De même les vaticinations sur le féminin ou le masculin des mots. Ridicule débat qui oublie que les genres ne véhiculent aucun symbole ni idéologie subversive, qu’ils sont le fruit d’une pure convention, que tout développement, par exemple, sur les valeurs féminines de la lune et celles masculines du soleil ne résistent pas à la barrière de roestis où les genres s’inversent (der Mond et die Sonne). Sans parler du neutre qui domine outre Manche…
Quoi qu’il en soit, les progrès de l’humanité se mesurent dorénavant à l’aune de l’émancipation féminine, émancipation qui elle-même se mesure essentiellement aux pouvoirs qu’acquièrent nos consœurs et, surtout, à celui qu’elles retirent aux hommes. Finie la lutte des classes! Le sous-prolétariat exploité! Dans les années 80, face à l’essor du pan-libéralisme et au déclin du monde communiste, l’opposition hommes-femmes reste le seul paradigme de la domination. Et une riche bourgeoise sera toujours plus exploitée qu’un mineur de fond. La femme devient le porte-drapeau de l’idéologie victimaire qui s’est répandue dans cette période. Chaque homme doit faire son mea culpa public et confesser sa honte d’appartenir à une lignée d’hormones barbares. Il est ringard, caduc, triplement disqualifié: le passé l’accable, le présent l’accuse, le futur l’exclut.
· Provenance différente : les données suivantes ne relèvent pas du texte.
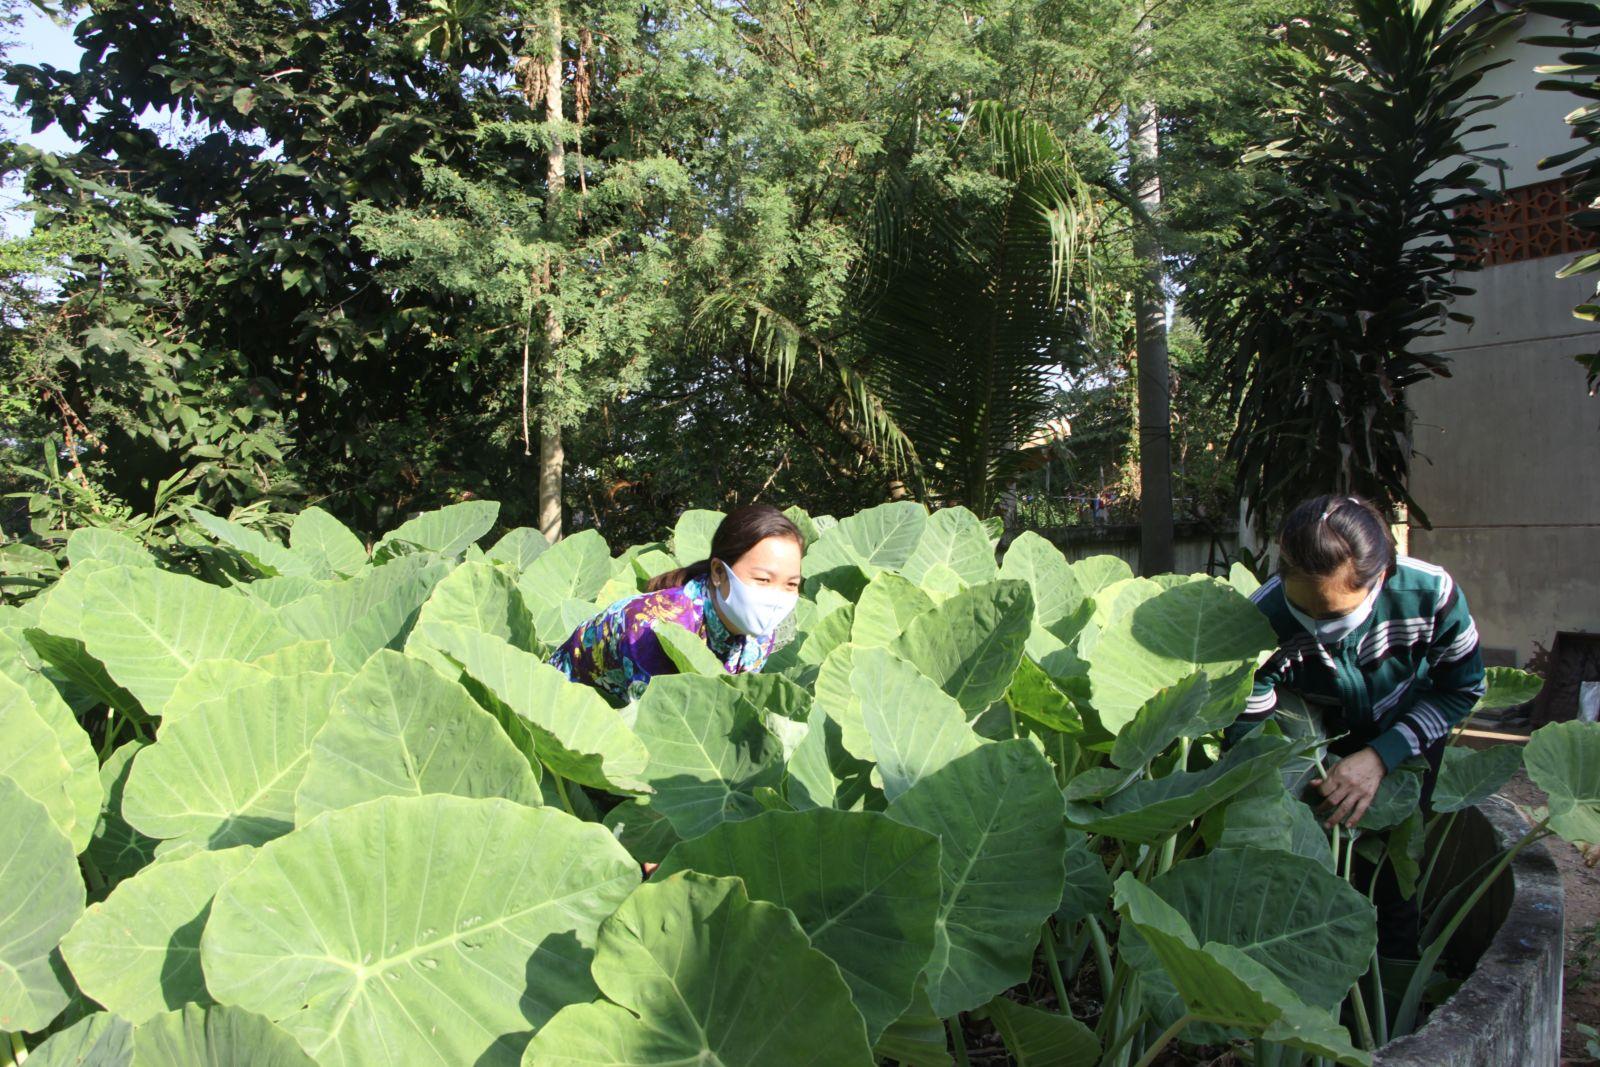 Vườn rau tại Trường Tiểu học Khánh Hưng do chính tay thầy, cô giáo trồng và chăm sóc (Trong ảnh: Vườn bạc hà xanh tốt phía sau trường)
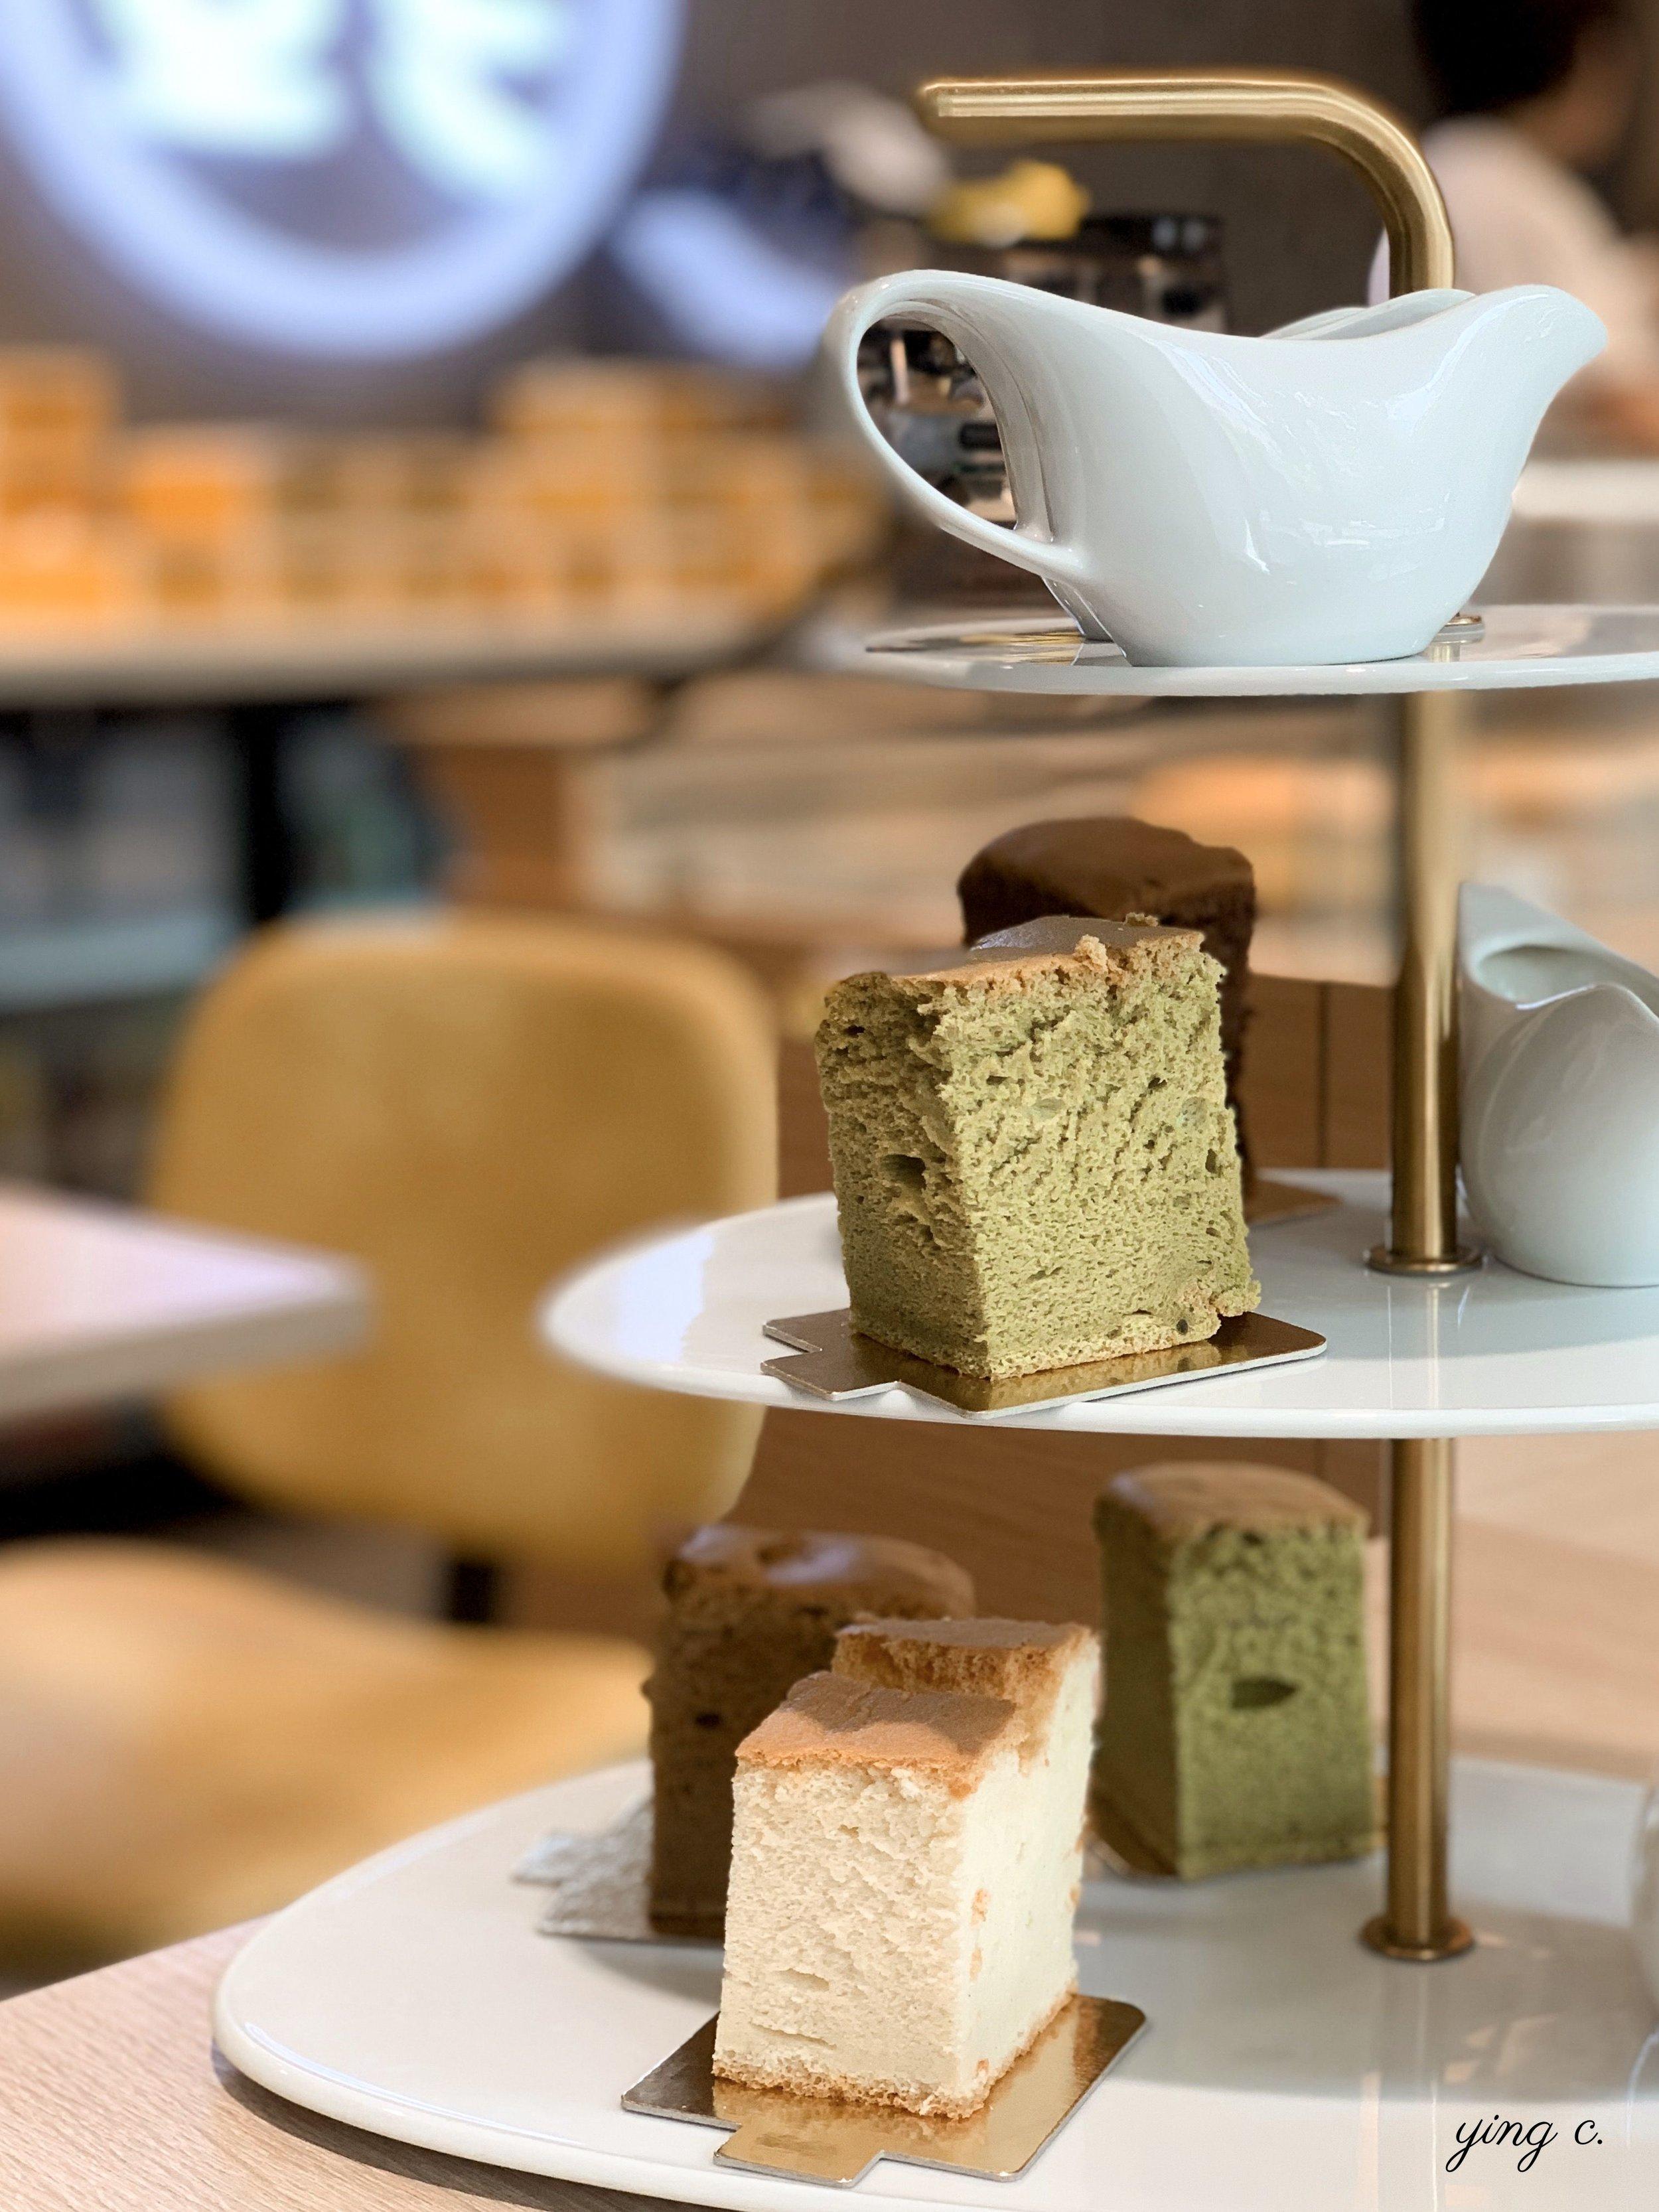 Fu Castella 下午茶時間的雙人套餐可以選擇五種口味的迷你蛋糕,加上兩杯飲料共16€。

Il doit payer pour sa rédemption, surtout à son divorce, afin d’alimenter un assistanat qui, soudainement, n’est plus contradictoire avec émancipation (lire à ce sujet L’Empire du ventre de Marcela Iacub, juriste spécialisée en bioéthique et chantre du post féminisme, qui montre comment le système judiciaire éjecte le père pour laisser la place centrale à la relation mère-enfant). Des chanteurs de variété, dégoulinants de sincérité bêlante, célèbrent le genre qu’ils n’ont pas à grands coups de «Femmes je vous aime», de Julien Clerc à Sardou et son inénarrable «Femmes des années 80» en passant par Renaud et sa Miss Maggie: «Car aucune femme sur la planète n's'ra jamais plus con que son frère ni plus fière ni plus malhonnête à part, peut-être, Madame Thatcher». On avait connu Renaud plus inspiré en pourfendeur de clichés…
Le délire identitaire tourne au délire féminolâtre. On ne s’adresse plus aux femmes que sur le ton de la flagornerie et des ronds de jambes. Qui oserait émettre une critique, une réserve, sans risquer l’émasculation? Au cinéma, elles ne sont plus que juges, flics de choc, espionnes, présidentes, PDG, femmes d’affaires redoutables. Et lorsqu’un psychopathe de cent kilos agresse dans son appartement une de ces frêles créatures, elle l’estourbit en tour de main bien avant que son mari ou son petit copain, toujours en retard d’un épisode telle la cavalerie inutile, ne puisse jouer les sauveurs de service comme aux temps éculés de Gary Cooper. Partout, il faut rendre ce message bien visible: la femme n’a plus besoin de l’homme, elle est son avenir et «fait des enfants toute seule».